Today the Supreme Court granted certiorari in three cases that consider what types of religious organizations can qualify for a “church” plan under ERISA. The plaintiffs in that case are challenging a 30-year-old IRS Rule. As I understand it, the Obama Administration did not file a brief in the lower courts, nor did it file a cert-stage brief. Before the Supreme Court, the Solicitor General will almost certainly have to file a merits brief. But who will submit it?

Thanks to the helpful calculations of Sean Marotta of #AppellateTwitter, the SG’s brief would be due on January 23, 2017–three days after the inauguration. At some point beforehand, the Solicitor General would usually meet with the Departments of Treasury, Labor, and other administration officials to determine the government’s position. But here we are at a crucial juncture. There is a strong chance that the Trump Administration would take a different position on the scope of church plans than the Obama Administration has. (I am already having awful flashbacks to ERISA from my Zubik writings).

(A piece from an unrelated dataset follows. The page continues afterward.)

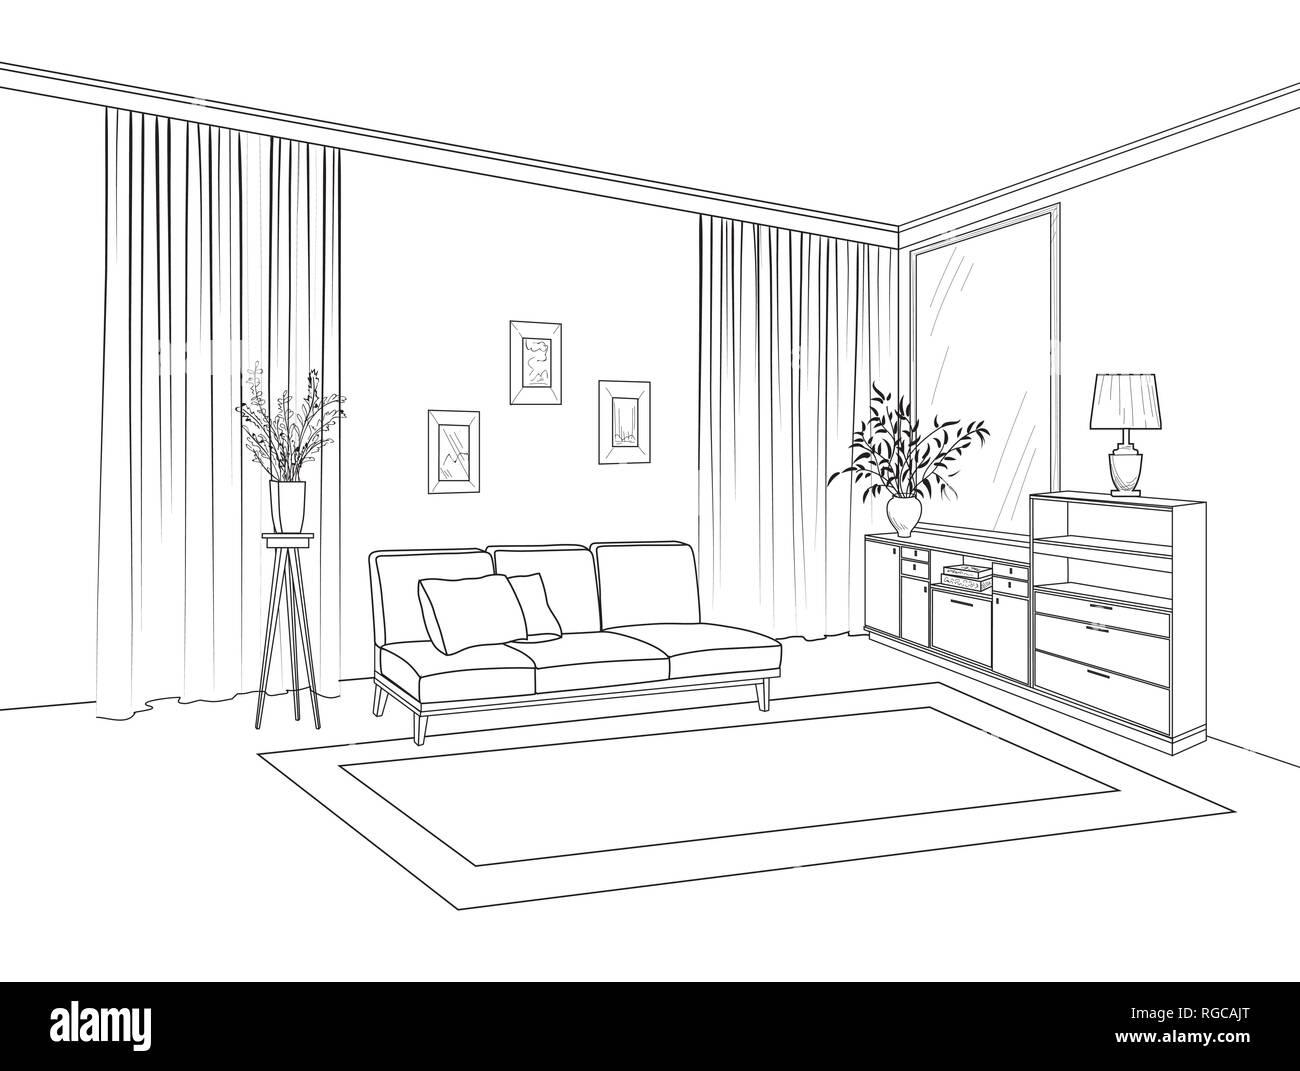 Home soggiorno interno schizzo di contorno di mobili con for Disegno casa interno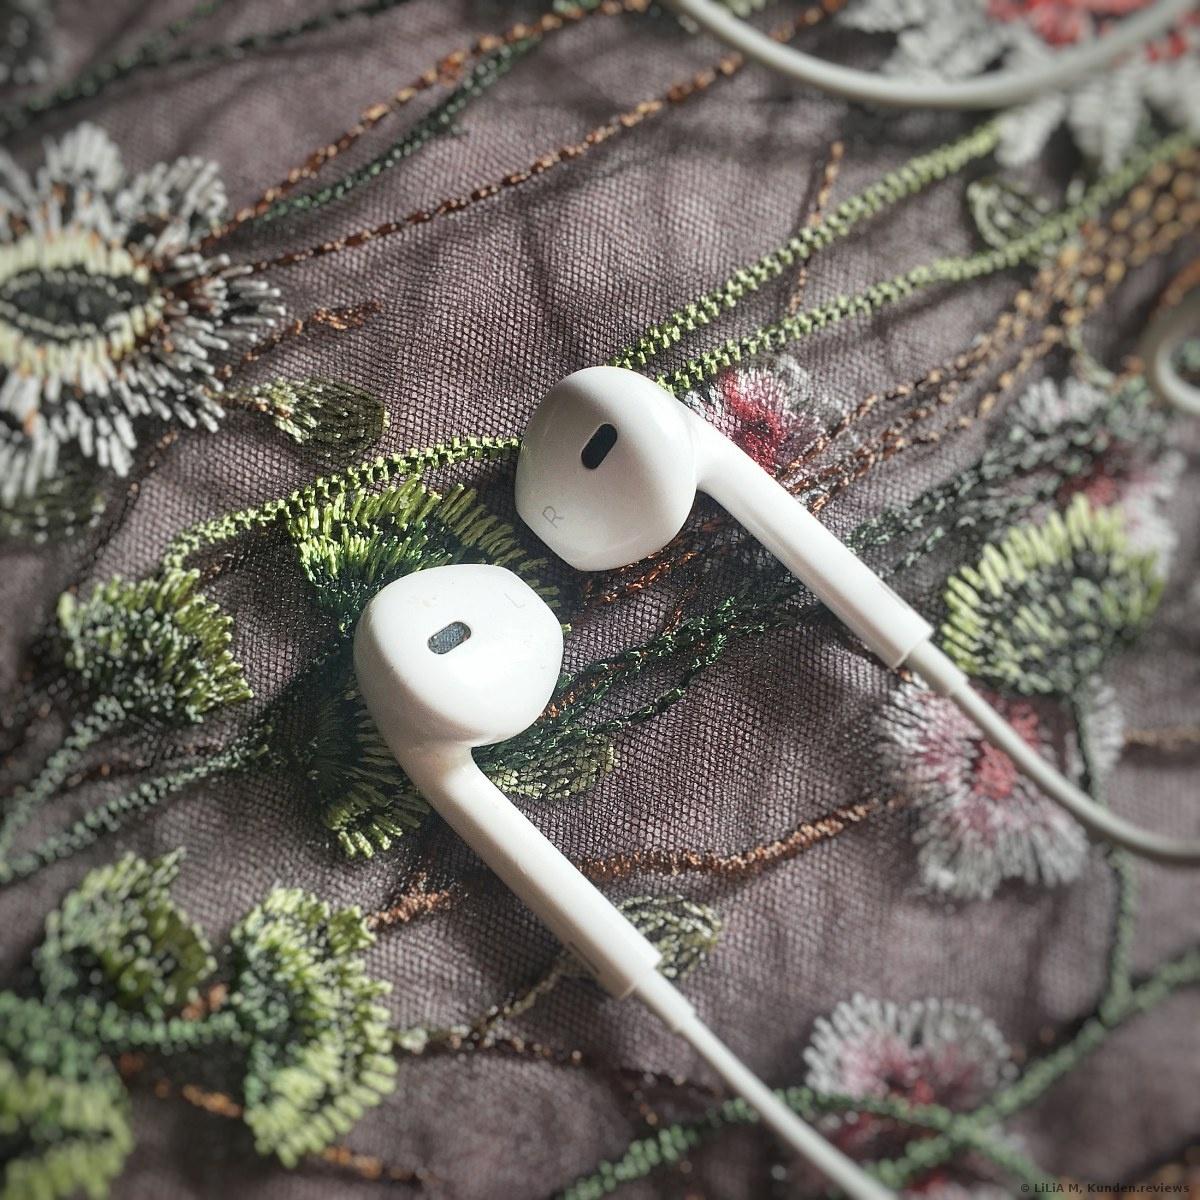 Apple EarPods Kopfhörer Foto

In an ideal world, with a “successful transition,” the outgoing Solicitor General would coordinate with the incoming Solicitor General, so that a brief could be timely filed on January 23. Or, alternatively, there could be some sort of coordination, and the Court can be asked for an extension. Sean noted that with an extension, top-side amici would be due on February 6, which would be tight to still argue this term.

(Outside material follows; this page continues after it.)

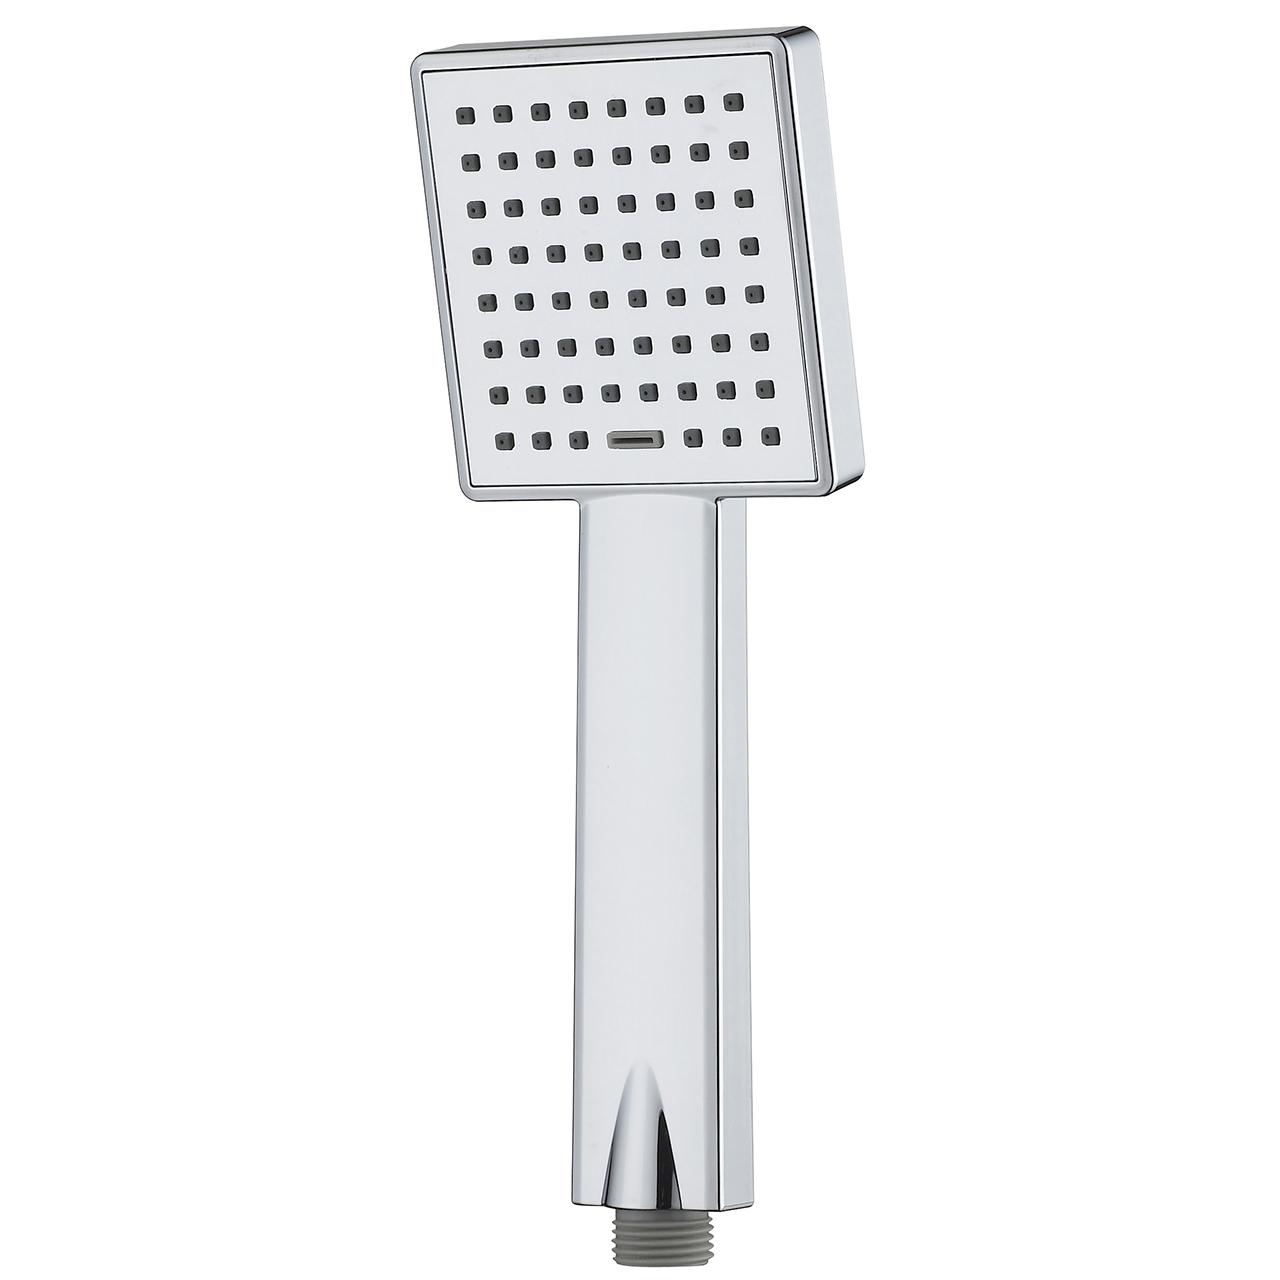 سردوش حمام سیتکو کد 1124

What that meeting would look like is complicated. Officials who are not yet confirmed–such as the incoming Solicitor General, Solicitor of Labor, and Secretary of the Treasury–would attend meetings that are protected by the attorney client privilege. Does anyone have any insights into how this role was performed by the Bush and Clinton administrations?

Worse-case scenario would be an Obama brief filed on January 19, and promptly withdrawn by the new SG (Noel Francisco?). This would not be unprecedented.

For example, the Bush Administration filed a cert petition in EPA v. NJ on August 8, 2008. On February 6, 2009–two days after it was distribued for conference–Acting Solicitor General Edwin Kneedler moved to dismiss the petition.

Since the petition for a writ of certiorari was filed, EPA has decided, consistent with the court of appeals’ ruling, to develop appropriate standards to regulate power-plant emissions under Section 7412. In light of EPA’s decision, the government no longer seeks review of the court of appeals’ holding that Section 7412(c)(9) provides the sole mechanism for delisting power plants as a covered source category.

In other words, the Obama administration–upon further reflection/election–decided to reverse the prior President’s environmental policy. The Court obliged and dismissed the case.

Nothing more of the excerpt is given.